Since graduating high school in 1987, Gary has worked in all phases of heavy construction, including but not limited to the installation of natural gas lines, blacktopping of roads, and correcting drainage issues on county and state roads. As a foreman, he managed a crew of 10 men, and worked closely with county and state inspectors and utility company supervisors. Currently, Gary owns and operates his own landscaping and snow plowing business. He is a hard worker, is passionate in his work and takes pride in the finished result.
When elected, his goal is to be an active Highway Superintendent, answer calls from the taxpayers, work closely with other departments to complete town projects, and lead a strong team of highway workers. Gary will be conscientious of the wetlands and the environment around us and be vigilant against the wasting of tax money.
Candidates for Town Justice
Robert Rich (Dem)
Bob Rich is a life-long Ulster County resident and an award-winning, AV-rated attorney with 25 years experience working first as a New York State Supreme Court law clerk and then in private practice as a trial attorney.

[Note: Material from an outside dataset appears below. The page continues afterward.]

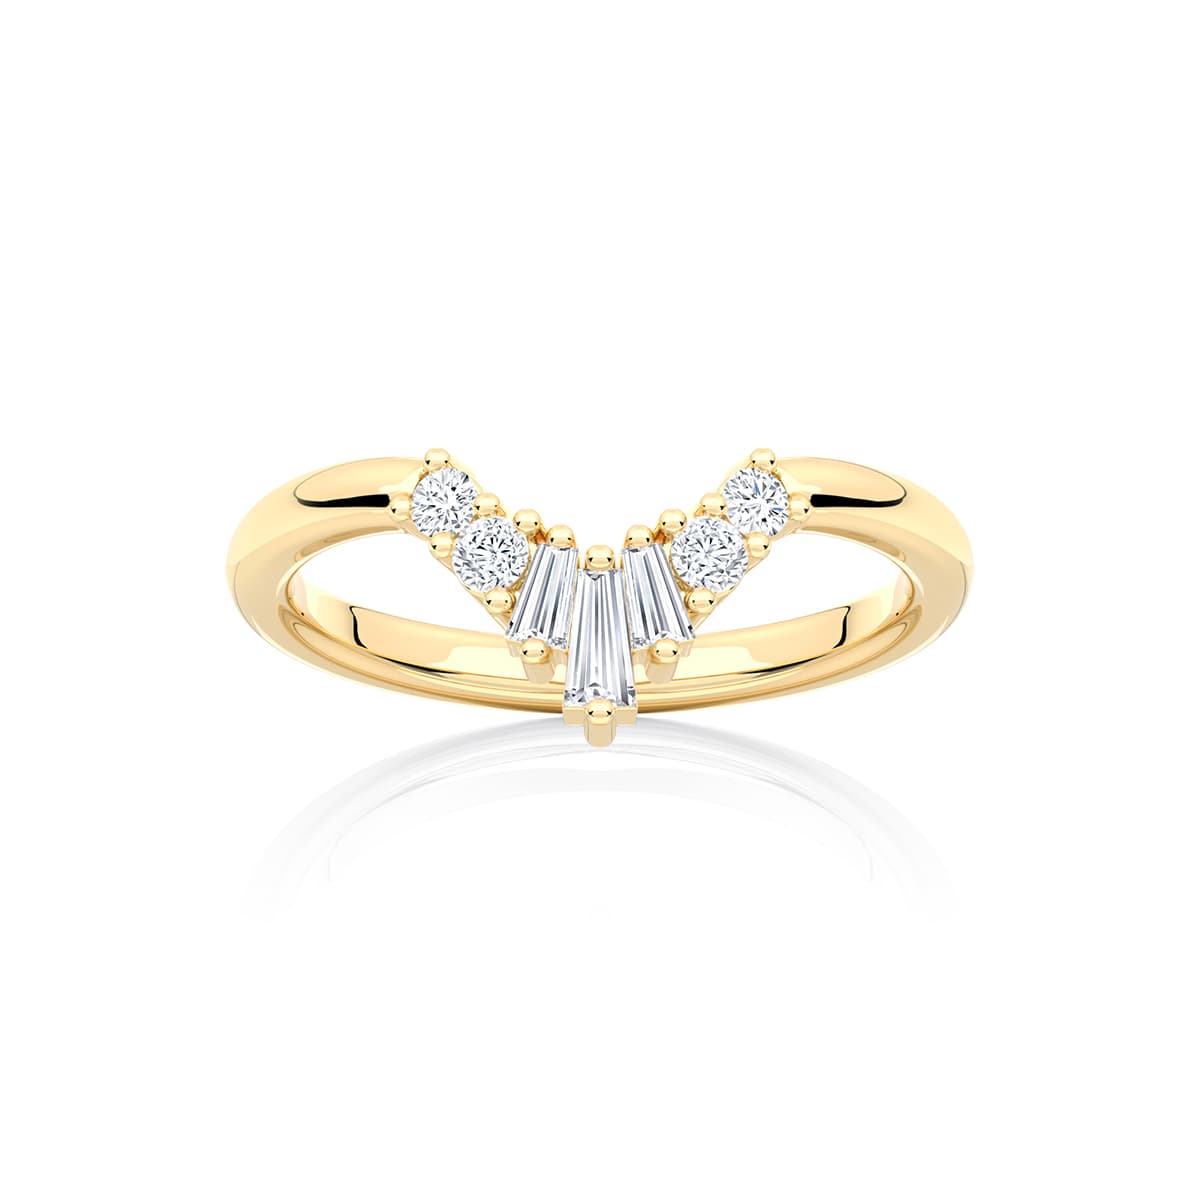 Serac Diamond Contoured Wedding Ring in Yellow Gold

In 2012, Bob was rated among the top 1% of trial counsel in New York by Medical Malpractice Lawyers. This fall, he was designated as one of the top area attorneys by Hudson Valley Magazine and Super Lawyers Magazine. Bob has served on the NPCSD Board of Education and the Kingston Hospital Board of Trustees. He is currently on the NPCSD Foundation, a charitable organization he helped create, the NPHS Scholarship Committee and is also a proud member of the Poughkeepsie New Yorkers Barbershop Chorus.
Bob lives with his wife, Dawn, and their two daughters in Gardiner. He would be honored to have the opportunity to serve his community as Gardiner Town Justice.
Carmine Mele (Rep)
I have lived in the town of Gardiner for over 40 years and the first time I was in the current town hall it was my kindergarten classroom. After finishing college and law school, my wife, Janet, and I started our own family here. Our three teenage daughters attend the New Paltz Schools.

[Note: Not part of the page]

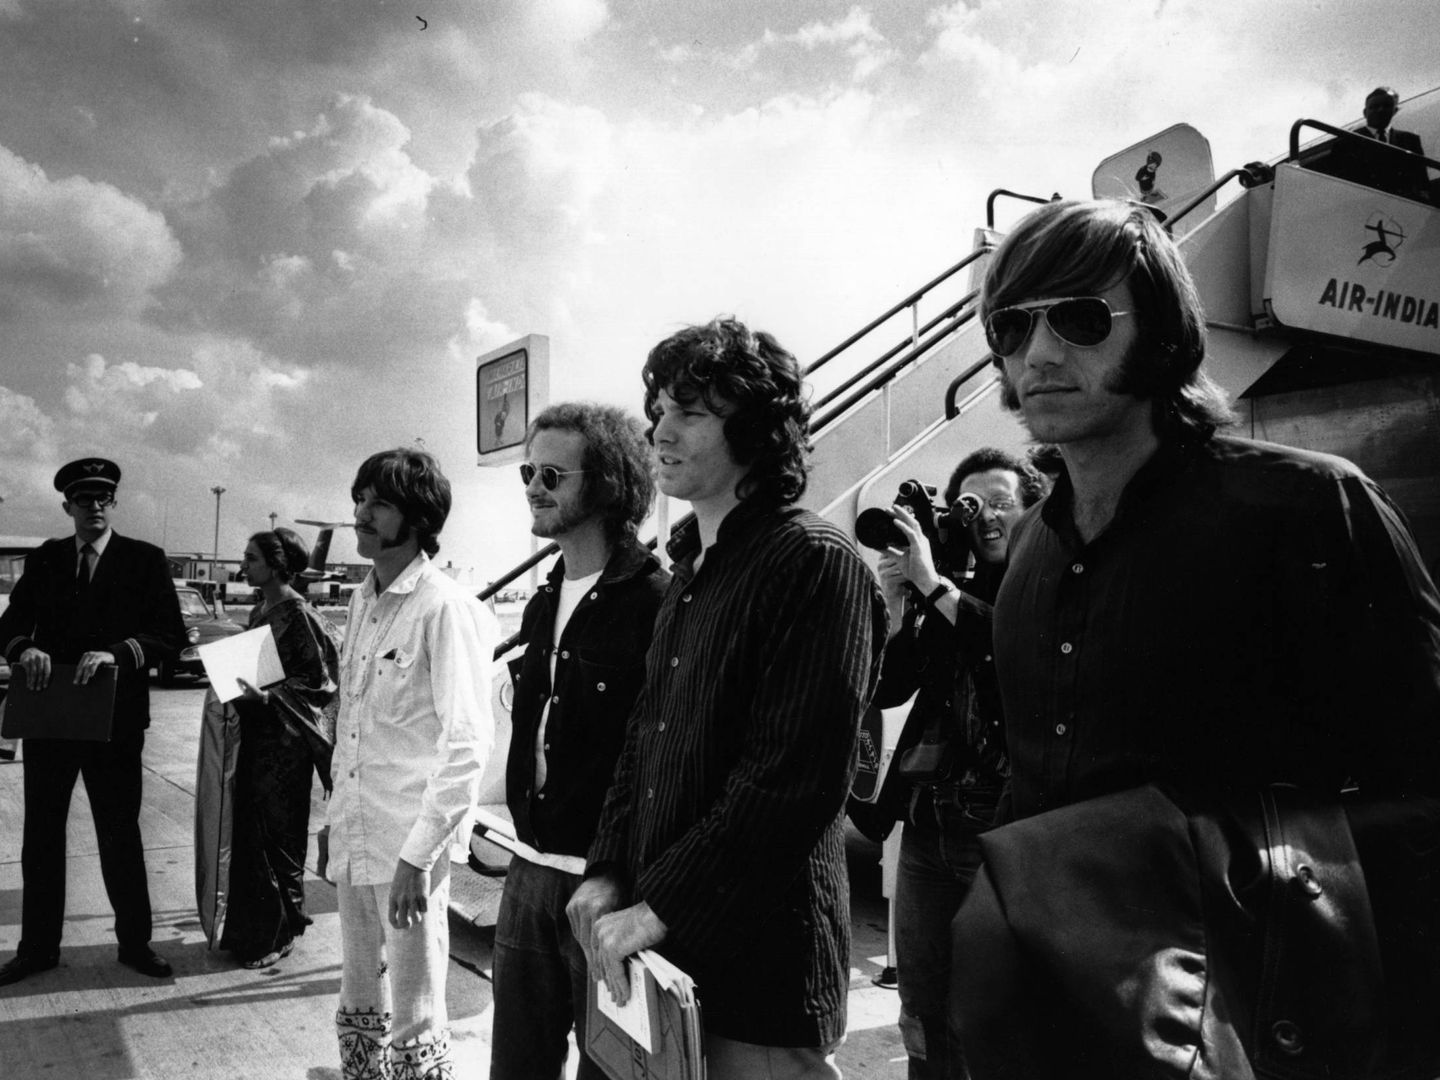 El grupo americano The Doors en el aeropuerto de Londres en 1968 (Foto de Express/Express/Getty Images).

I started my town service on the Planning Board, where I was a member for 12 years, several of them as Chairman. For the last 4 years, I have been a member of Town Board. In both roles I have been instrumental in bringing divergent views together to move forward by being thoughtful, open minded and objective towards the best overall solution. Based upon my proven commitment to Gardiner and its people, my objectivity, and my focus on the issue at hand, I ask for your support to be your next Town Justice.